Switching from monolith to independent service happens dynamically based on a configuration change - like flipping a switch. Even if it requires a restart - it provides significantly less efforts than diong that manually. This transparency preserves all API contracts and business logic unchanged.

Benefits of the Adaptive Modular Monolith

Using the Adaptive Modular Monolith offers several benefits:

• Rapid initial delivery: Build and deploy as a single unit quickly, avoiding the overhead of early, and possibly redundant, microservices adoption.
• Seamless scalability and isolation: Extract and scale modules independently later without costly redesigns, refactoring or disruptions.
• Operational simplicity: Manage a single deployable during development and gradually transition to distributed deployments on demand.
• Performance optimization: In-process calls may keep latency low until independence is necessary.
• Consistent behavior: Modules behave identically regardless of deployment mode, simplifying testing and troubleshooting.

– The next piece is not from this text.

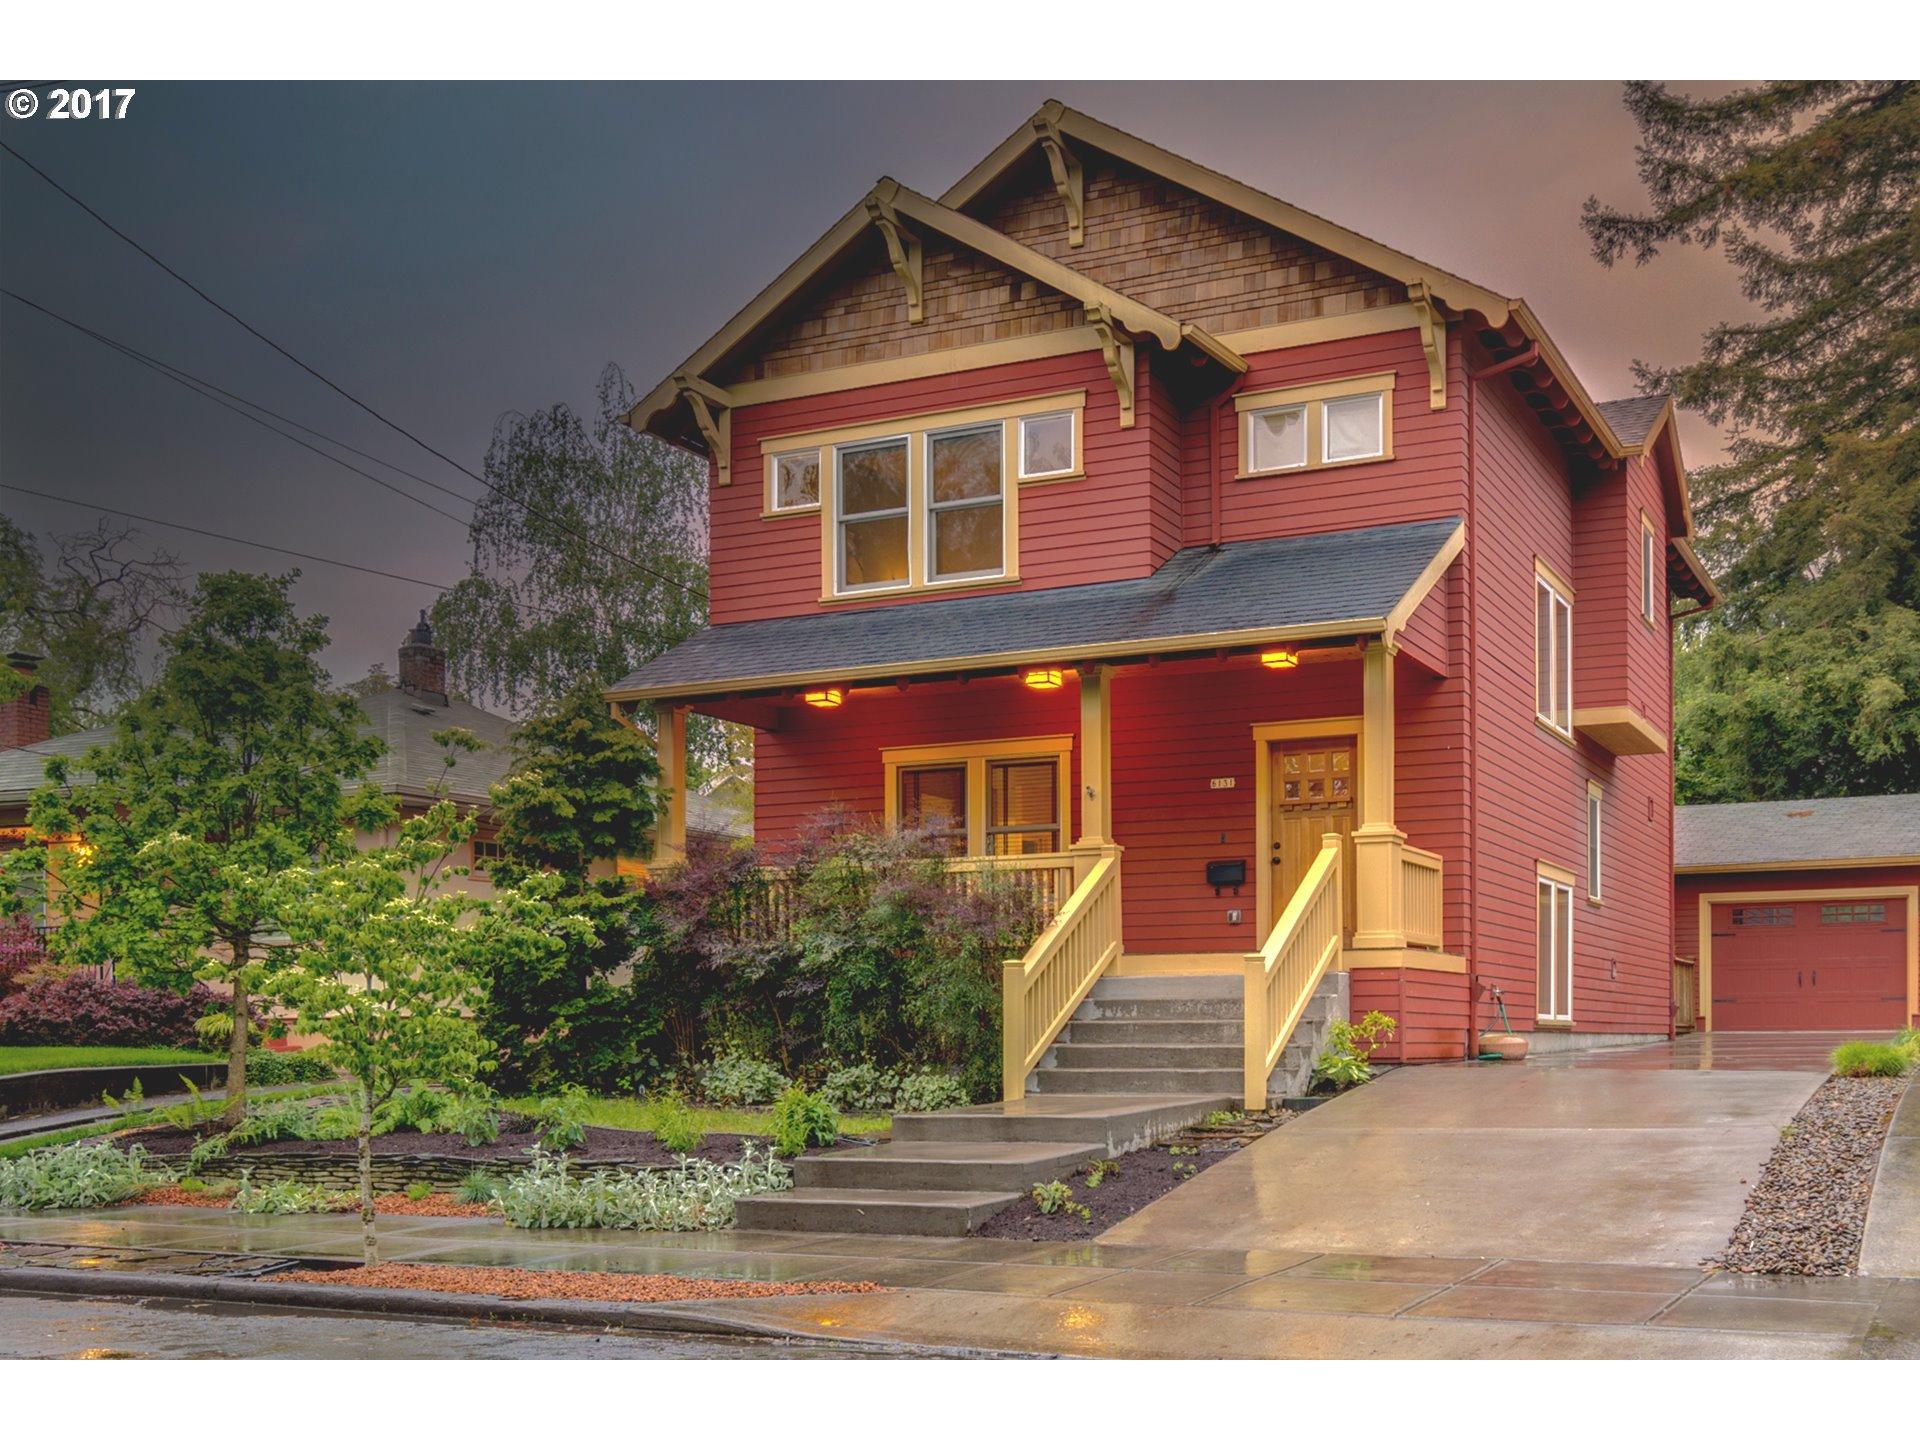 6131 SE 18TH AVE, Portland, OR 97202

How It Would Work in Practice

Imagine an application with modules for User Management, Orders, and Payments. Initially, all run together inside a Modular Monolith, communicating through direct method calls. As the system grows, the Payments module starts handling increased traffic requiring independent scaling.

Thanks to the pluggable communication layer, automatic configuration, and deployment, you just change a configuration flag - maybe restart the app - and the Payments module instantly begins running as a standalone service. No manual code changes, repackaging, or additional deployments are necessary beyond starting the Payments service. Your system evolves smoothly and safely.

Eventually, even automatic spin-offs can become possible - triggered by load statistics, for example.

Conclusion

The ability to effortlessly spin off modules from a Modular Monolith - without repackaging, redeployment, or code changes - is a groundbreaking architectural proposition. It combines everything good about monoliths with the flexibility and scalability of microservices - without the usual complexity and migration risks.

This approach enables teams to start simple, delivering value quickly, while retaining the choice to evolve their architecture freely as needs grow. Modular Monoliths with transparent, pluggable pipelines represent the next step in building adaptable, maintainable, and scalable software systems - where evolving from monolith to microservices is as easy as flipping a configuration switch.

Despite its immense potential, this approach remains largely unexplored and unimplemented in mainstream tools and frameworks, waiting to be embraced and brought to life. While, it definitely provides many technical difficulties,  especially at deployment level, it would be beneficial to see even prof-of-concept implementation to start playing with. The Adaptive Modular Monolith is the future and stands out as the next frontier - an elegant, practical path toward future-proof systems that can scale easily without the usual complexity or risk.